Data records:
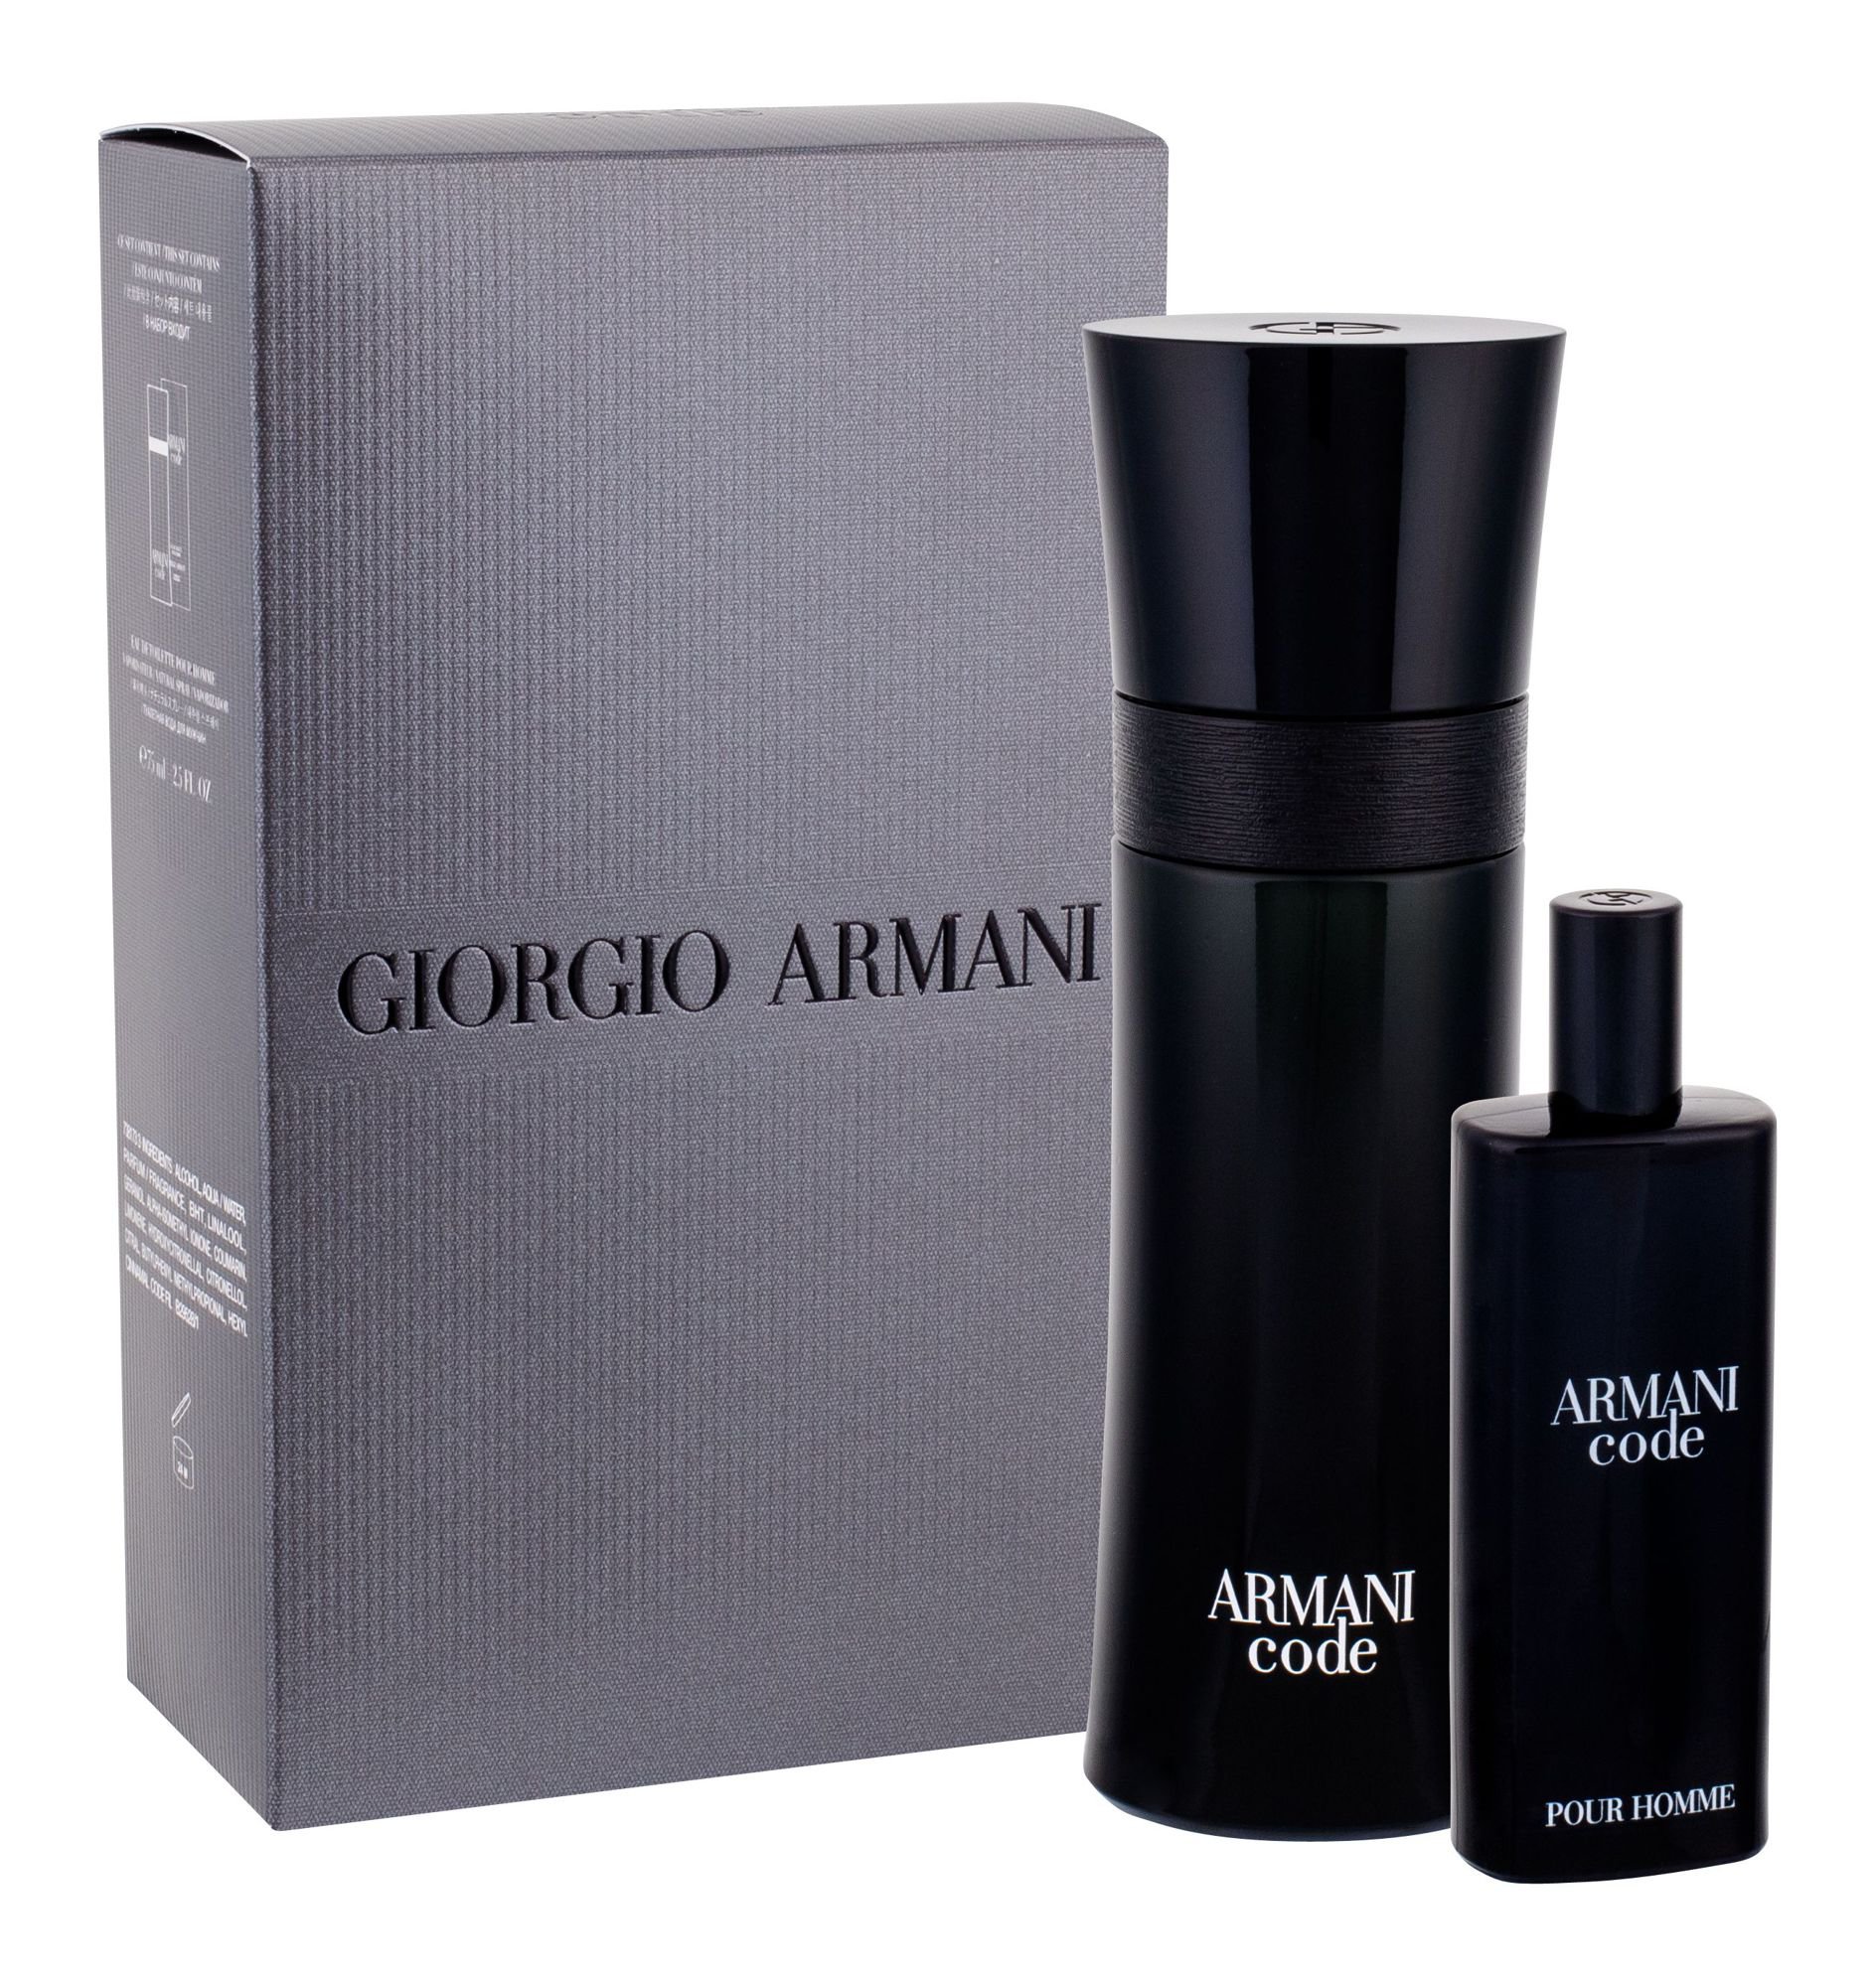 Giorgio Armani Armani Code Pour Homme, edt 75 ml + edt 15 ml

...

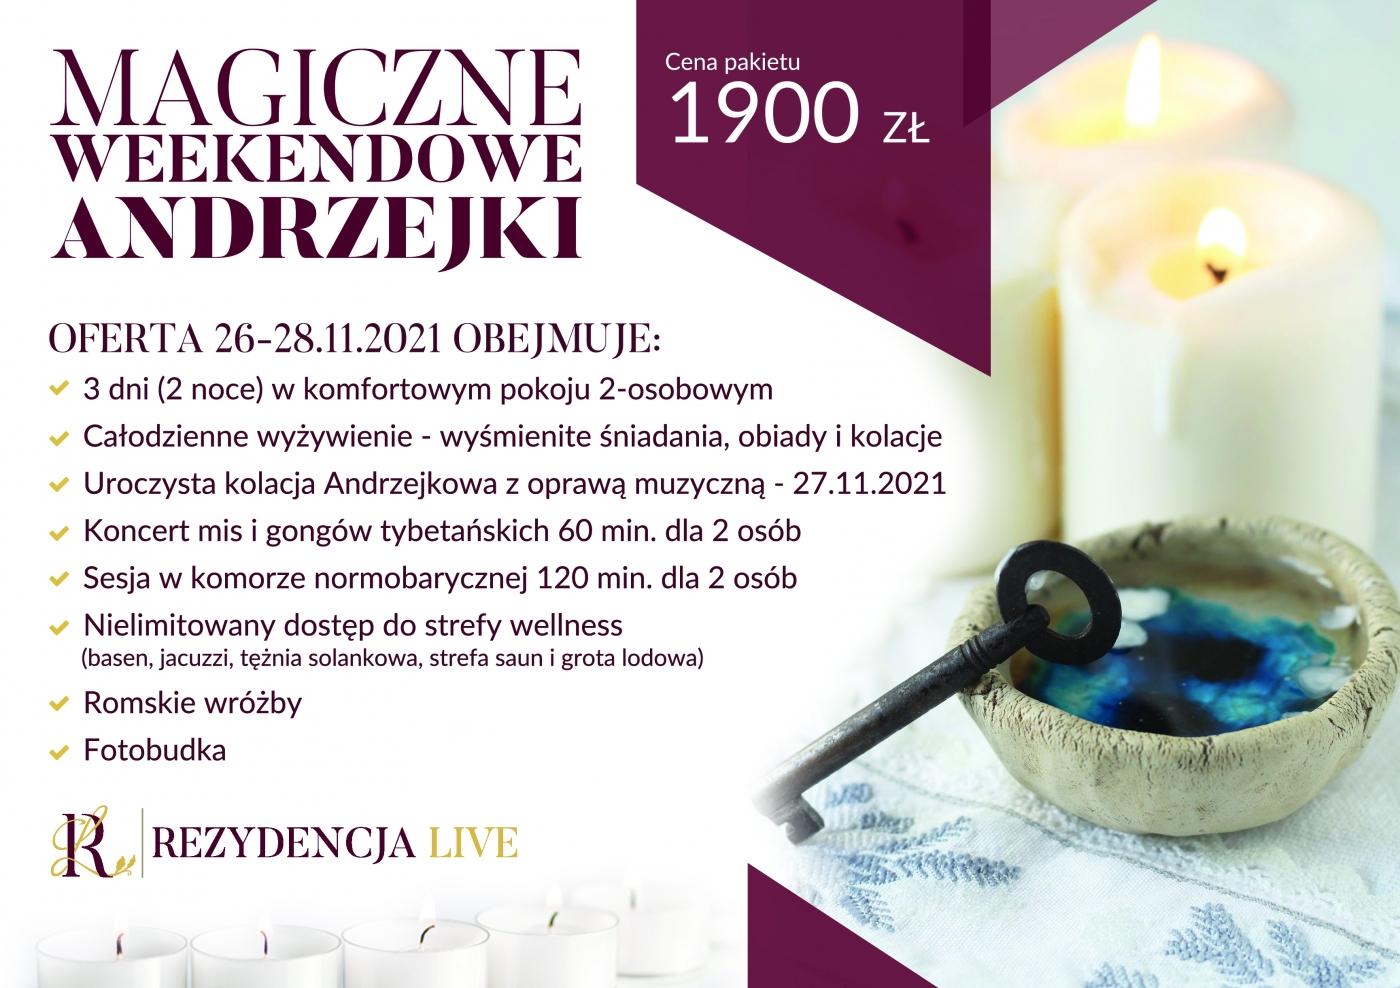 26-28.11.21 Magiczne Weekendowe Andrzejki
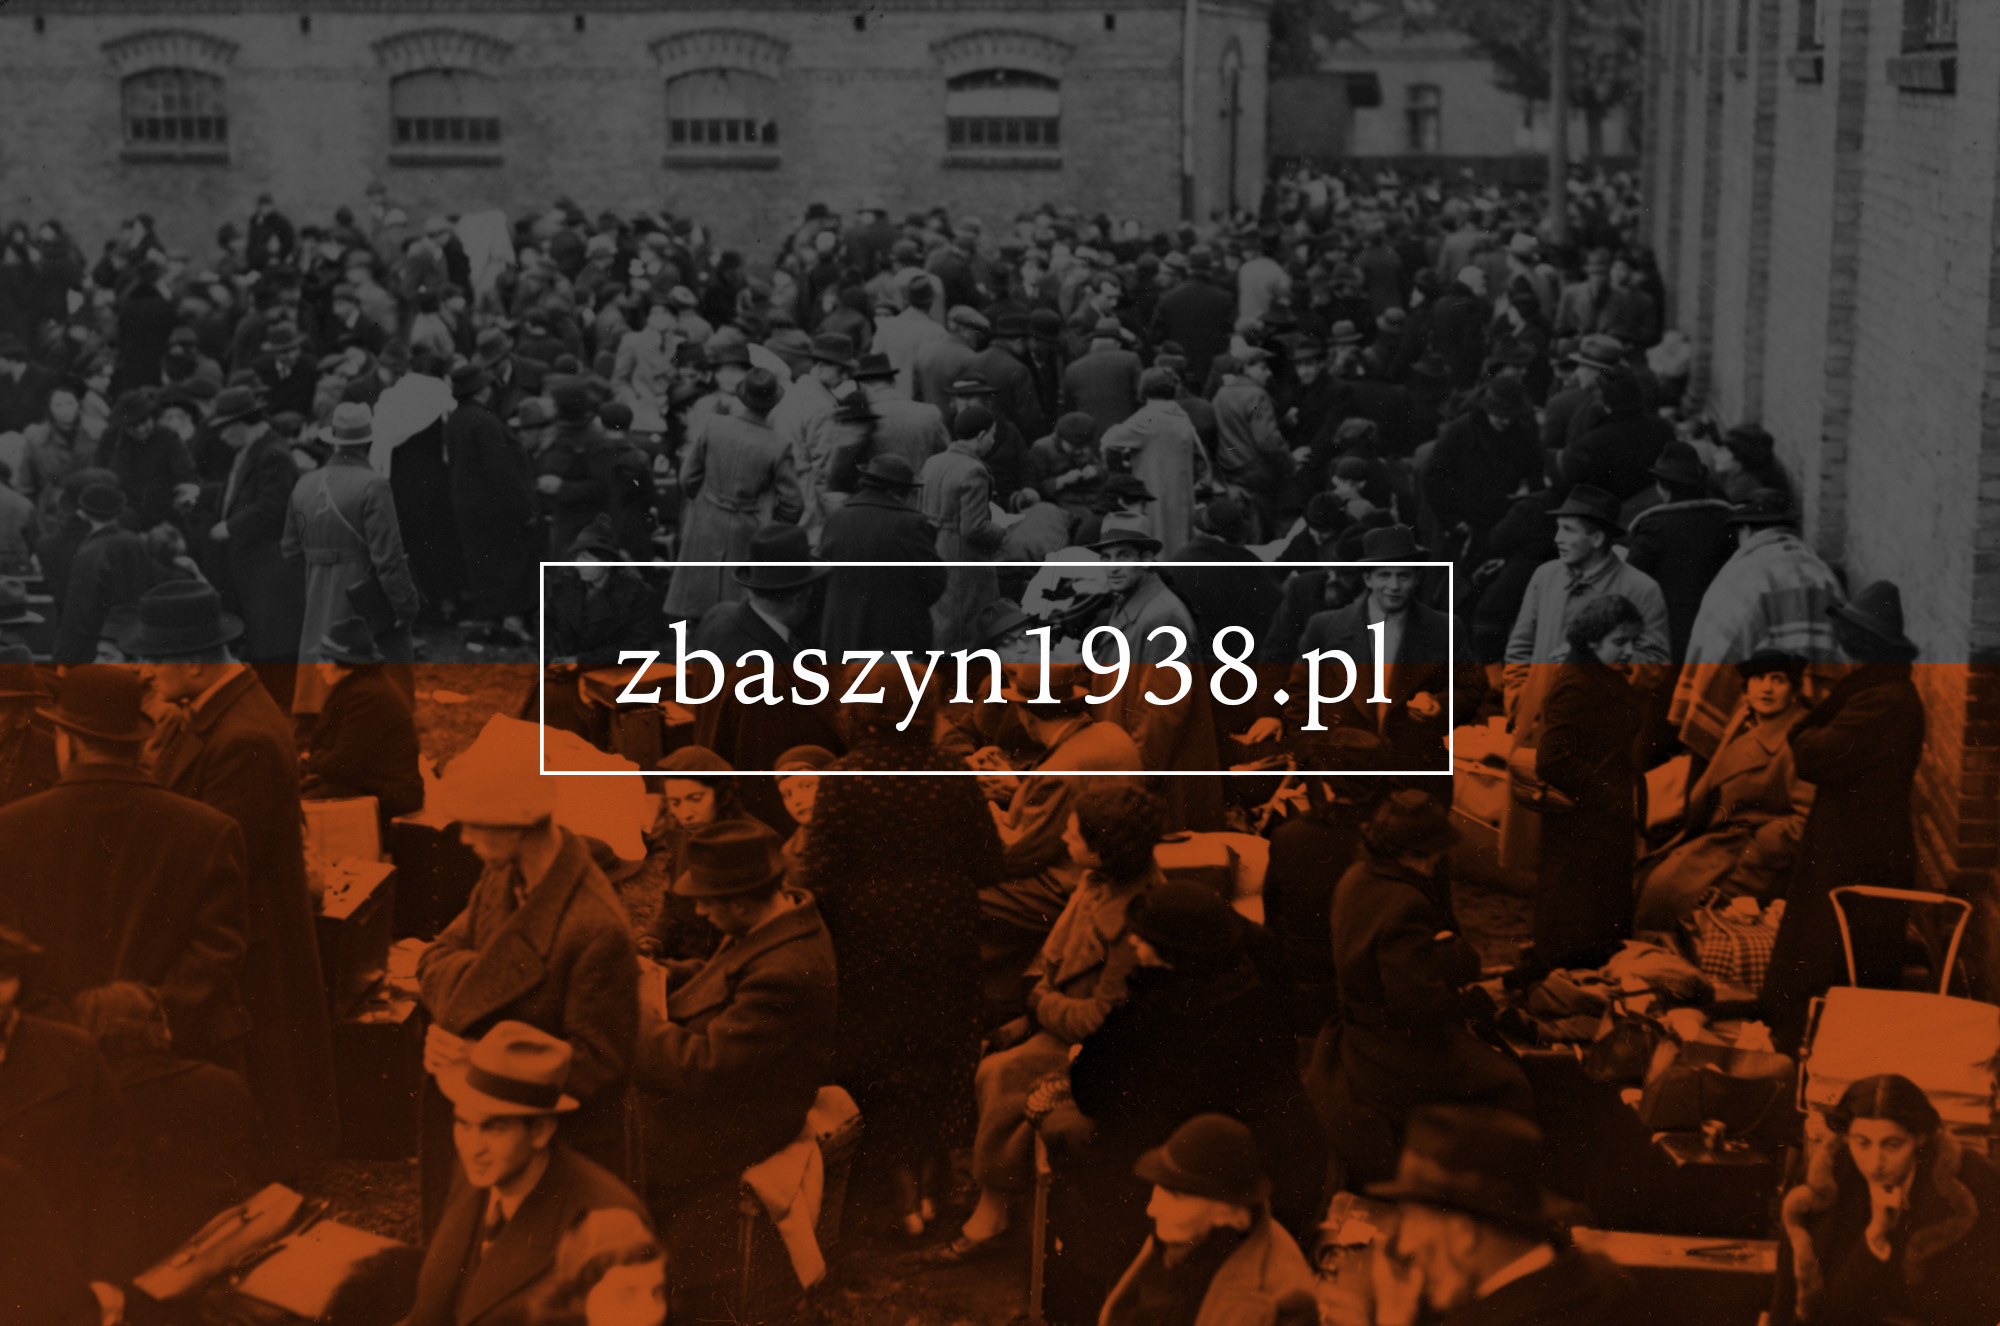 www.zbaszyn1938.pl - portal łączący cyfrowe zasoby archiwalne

Task brief: From the line with "26-28.11.21 Magiczne Weekendowe Andrzejki" up to and including the line with "www.zbaszyn1938.pl - portal" above, retype every line exactly and nothing more; leave out the pictures.

Exercise output:
 26-28.11.21 Magiczne Weekendowe Andrzejki
 www.zbaszyn1938.pl - portal łączący cyfrowe zasoby archiwalne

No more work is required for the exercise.